XVIII. asırda İstanbul’da yaşayan İbrahim Has (ö. 1762), devrinin eli kalem tutan sufi müelliflerinden birisidir. Yazmış olduğu eserlerle tasavvuf ve edebiyat tarihimizde fevkalade mühim bir yere sahiptir. Böyle olmakla birlikte Has, kültür hayâtımızda hakettiği ilgiyi görememiş ve unutulup gitmiş şahıslardan birisidir.
İbrahim Has’ın hemen tamamı tasavvuf tarihi, felsefesi ve edebiyatıyla ilgili olan eserleri arasında bulunan ve şu ana kadar değerlendirilmeyen çok mühim bir eseri de tasavvuf büyüklerinin hayatlarını, menakıbını ve veciz sözlerini derleyip yorumlayan “Tezkiretü’l-Has” adlı veliler tezkiresidir.
Tezkiretü’l-Has’ta, 344 mutasavvıfın 509 menakıbı nakledilmektedir. İçindekilerden anlaşılacağı üzere Tezkire’de adı geçen mutasavvıfların yarıya yakını tarîkatler öncesi dönemde yaşayan kişilerdir.
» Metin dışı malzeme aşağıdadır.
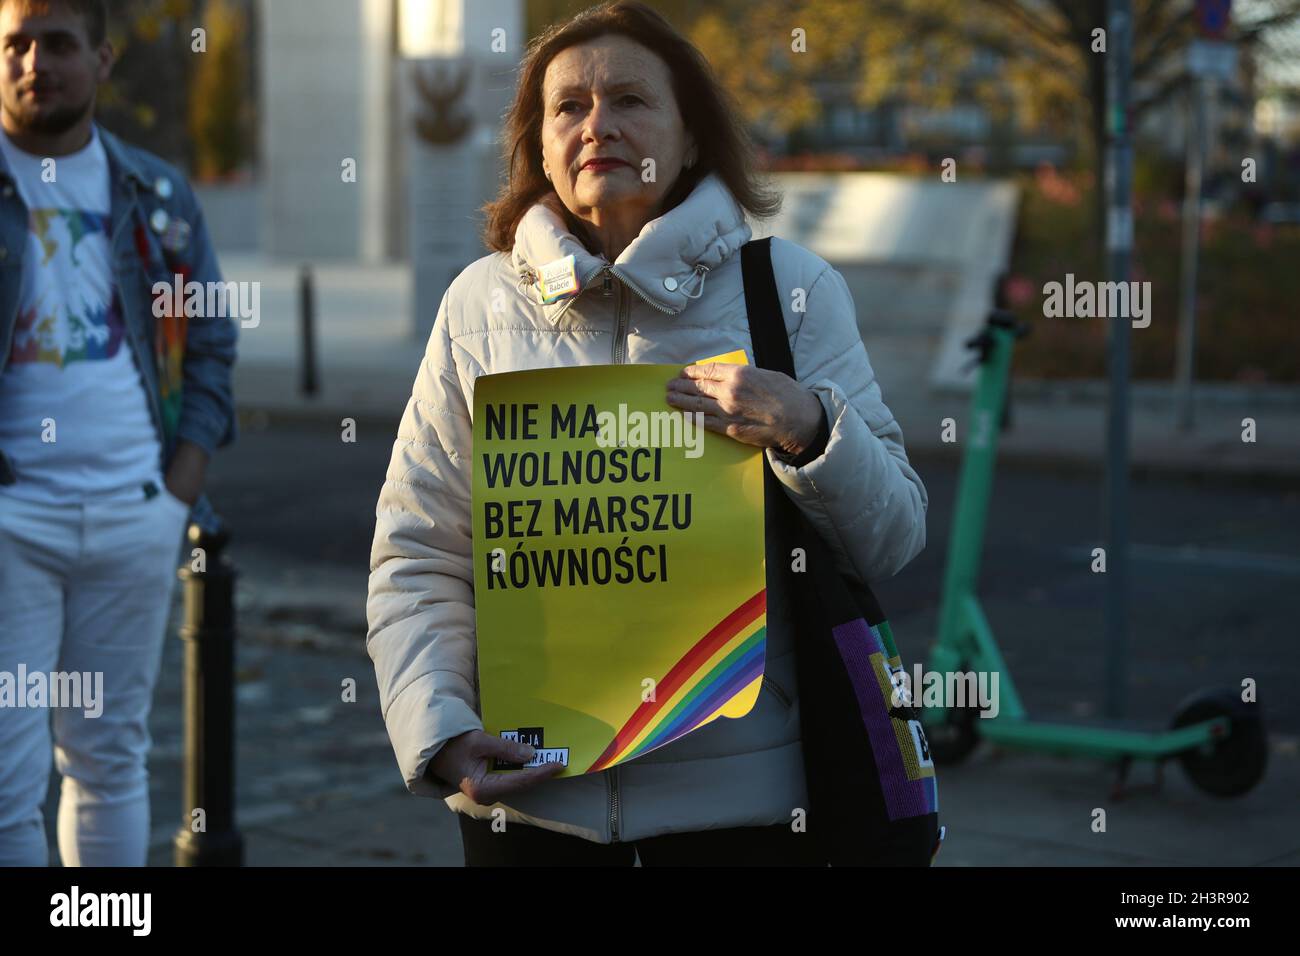 Diverse dozzine di persone si sono riunite di fronte al parlamento il 29 ottobre 2021 per protestare contro una proposta di legge che proibirebbe le marce della parità. Il disegno di legge, introdotto dal conservatore attivista anti-aborto Kaja Godek, teme che una legge sarà approvata, vietando completamente le marce gay di orgoglio, note come marce di uguaglianza in Polonia. La Polonia è stata nominata come il paese peggiore in cui le persone LGBT vivono nell'Unione europea, con diverse regioni che si sono dichiarate "libere dall'ideologia LGBT”. Il clima anti-LGBT nel paese ha visto molte persone LGBT cercare rifugio nei paesi vicini. (Foto di Jaap Arrien Foto Stock

Bunların arasında Anadolu sahasında yaşayan “Yunus Emre, Ahmed Hayalî-i Gülşeni, Seyyid Ali Semerkandi, Ahmed Ümmi el-Üsküdari, Akşemseddin, İlyas es-Sakızi el-Halveti, Evhadüddin-i Kirmanî, Emir Sultan, Sultan Veled, Hacı Bayram-ı Veli, Cemaleddîn-i Halveti, Hacı Paşa, Hamid-i Kayseri, Habib-i Karamani, Hasan Ünsi-i Şabanî, Hasan-ı Zarîfi, Hamza b. Hacı Ali, Ramazan Efendi el-Halveti, Sünbül Sinan, Şeyh Şaban-ı Veli, Karabaş-ı Veli, Şems-i Tebrizi, Sadreddin-i Konevi, Abdullah-ı Rumi, Alaaddin-i Rumî, Karabaş-ı Veli, Yahya-yı Şirvani, Seyyid Nizameddin, Yakub-ı Sünbüli, Muhammed Murad, Niyazî-i Mısri, Merkez Efendi, Molla İlahi vd.” gibi zatlar, tezkirenin değerini bir kat daha arttırmaktadır.